PROBLEM DESCRIPTION
Exactly as they appear below, repeat the lines from the one with "Some of my fashion" through the one with "Happy Easter background". Drop every picture.

MATERIAL FOR THE TASK
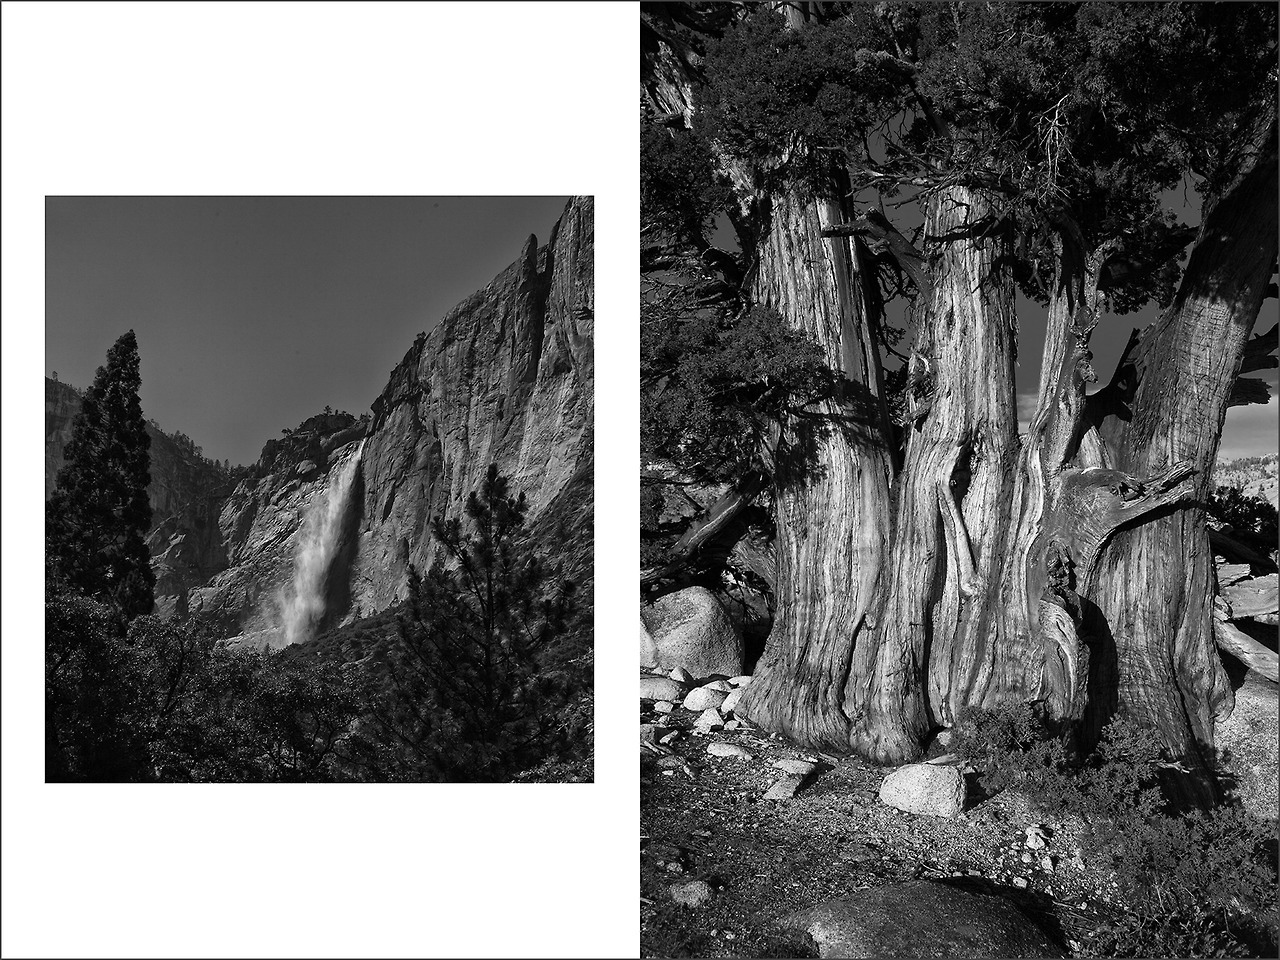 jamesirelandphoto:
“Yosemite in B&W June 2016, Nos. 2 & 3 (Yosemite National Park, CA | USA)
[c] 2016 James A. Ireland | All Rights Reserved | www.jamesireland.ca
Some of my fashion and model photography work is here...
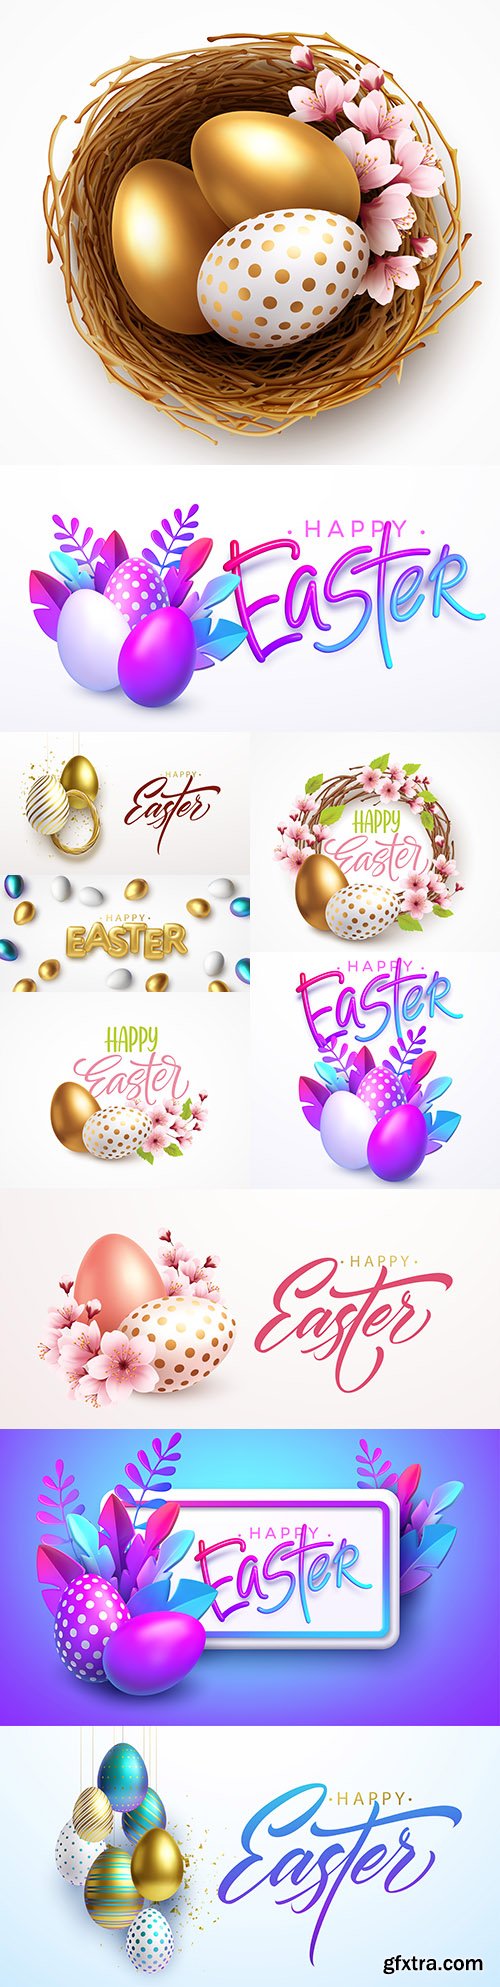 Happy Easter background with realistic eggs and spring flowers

...

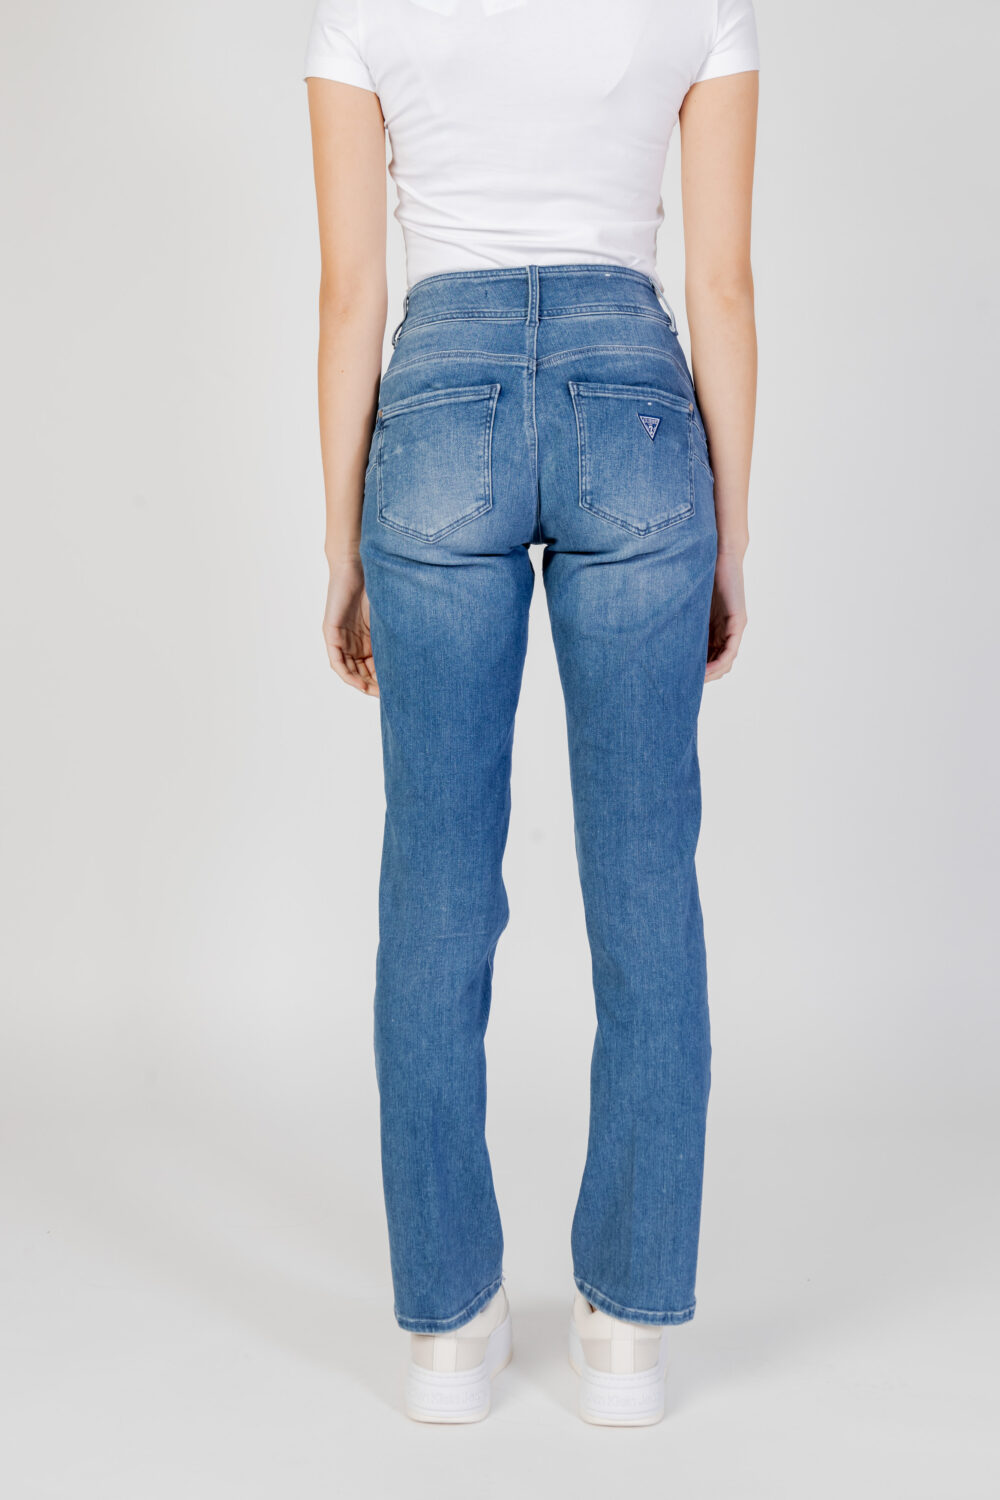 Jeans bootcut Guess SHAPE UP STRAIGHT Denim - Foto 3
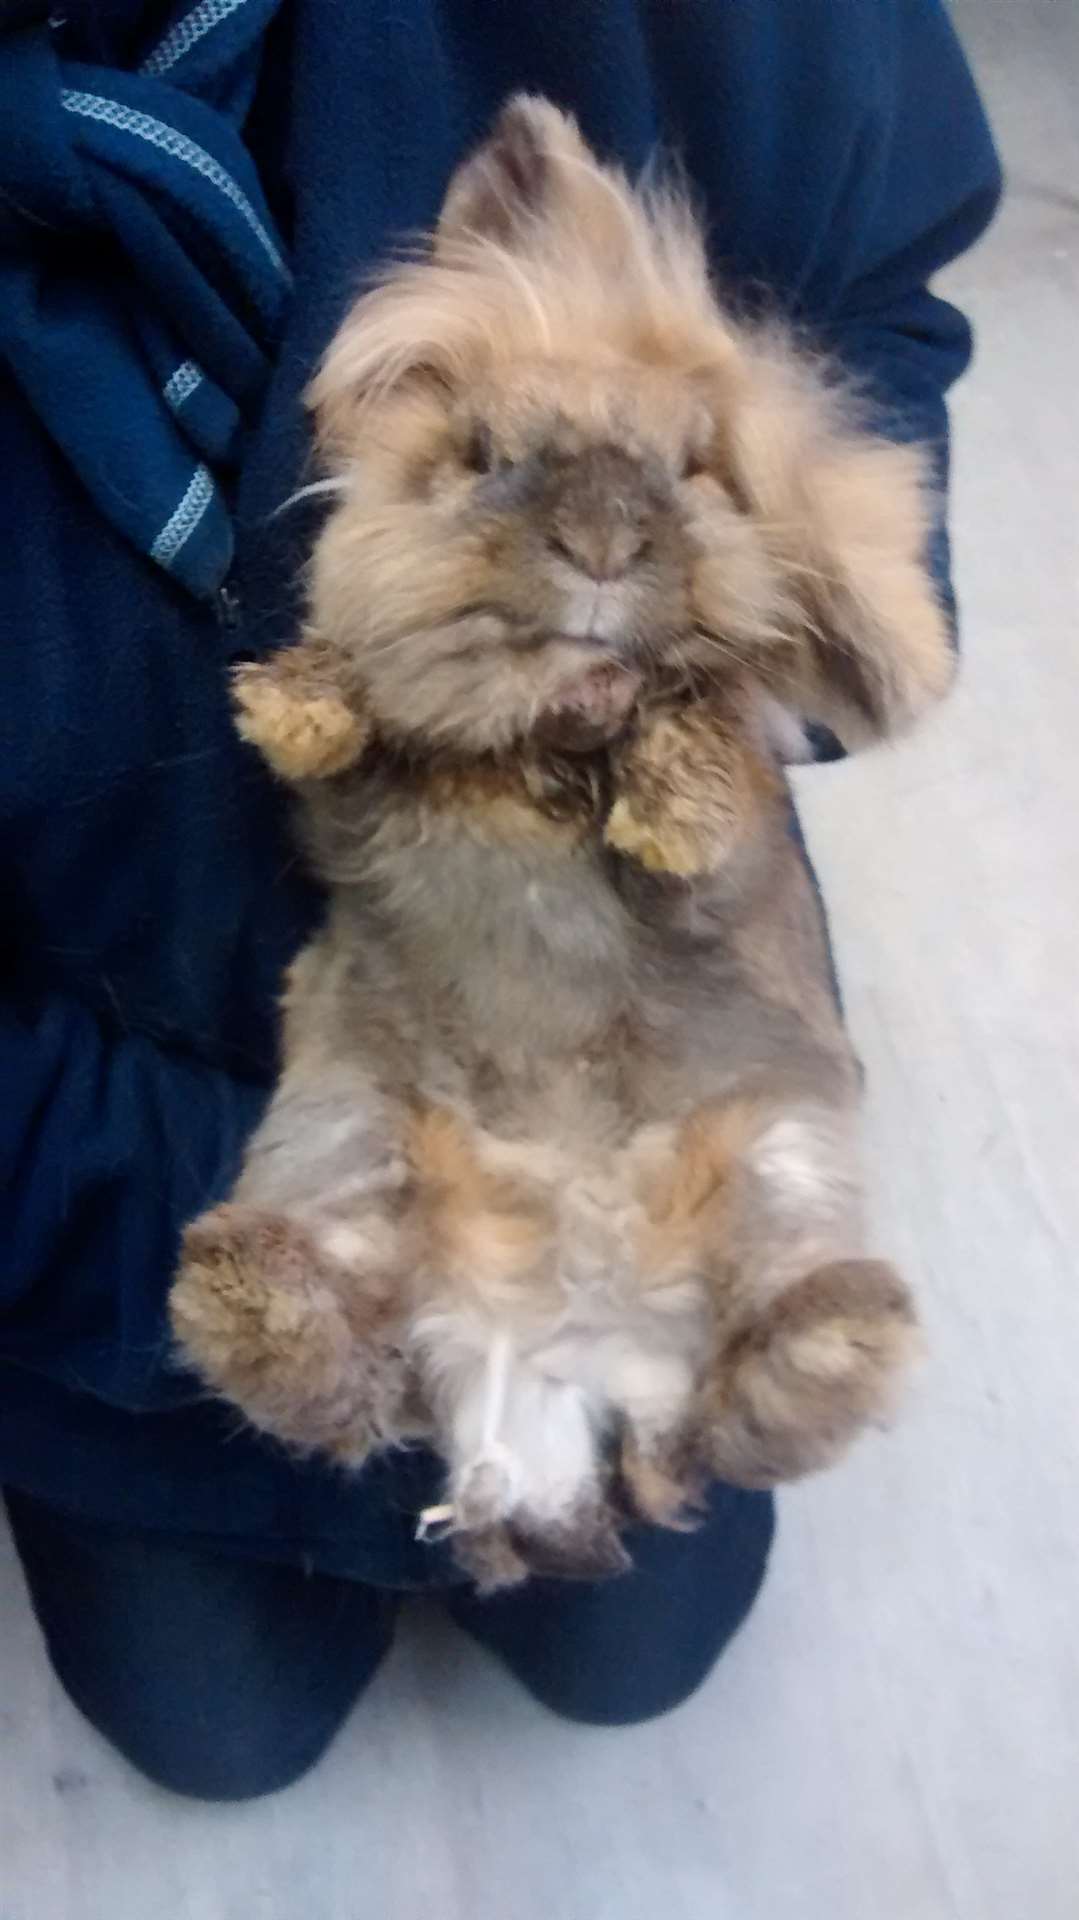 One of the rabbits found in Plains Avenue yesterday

* * *

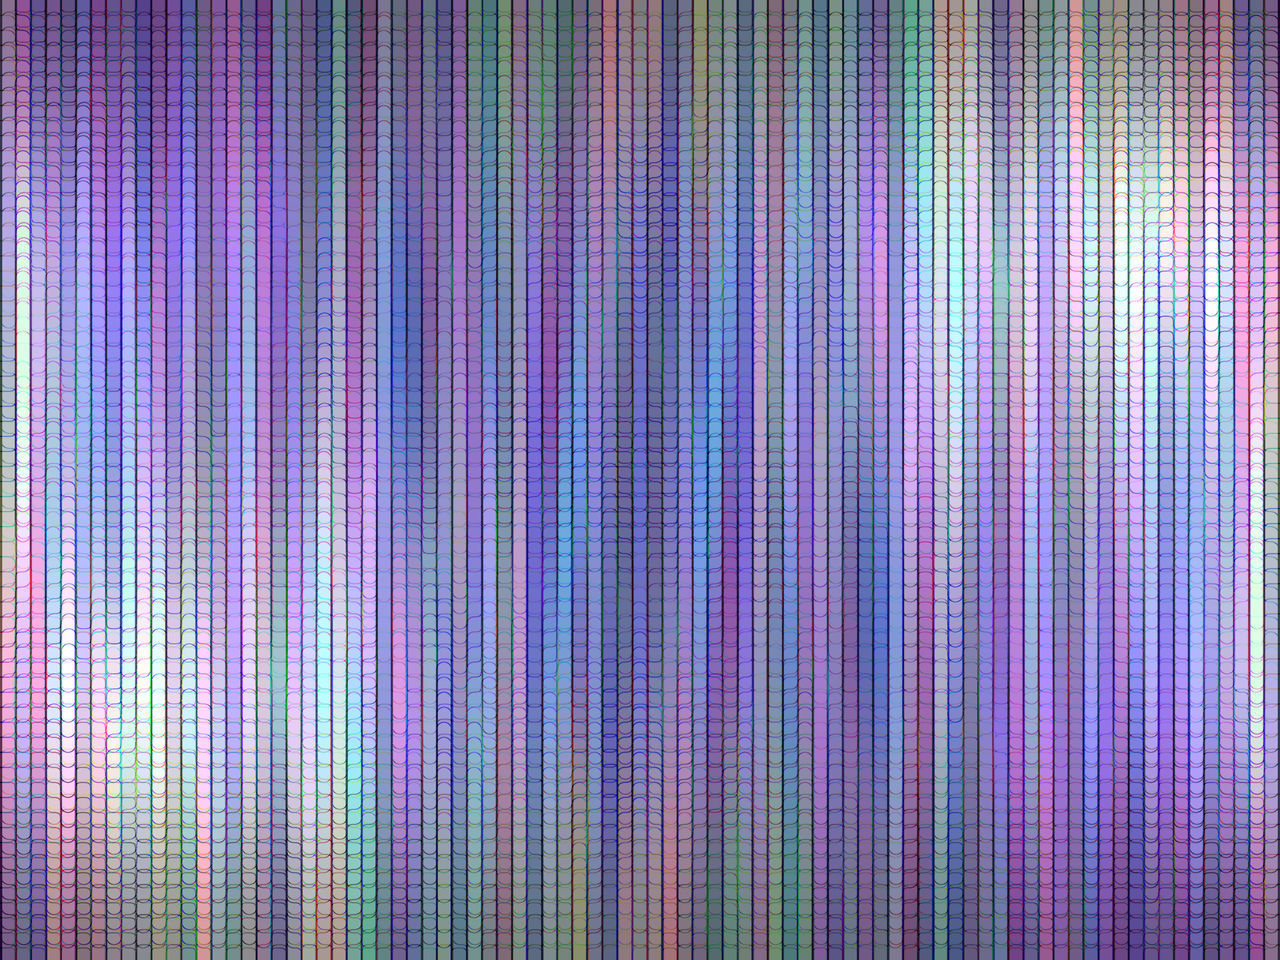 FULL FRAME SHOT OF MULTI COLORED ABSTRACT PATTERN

YOUR SOLUTION
Some of my fashion and model photography work is here...
 Happy Easter background with realistic eggs and spring flowers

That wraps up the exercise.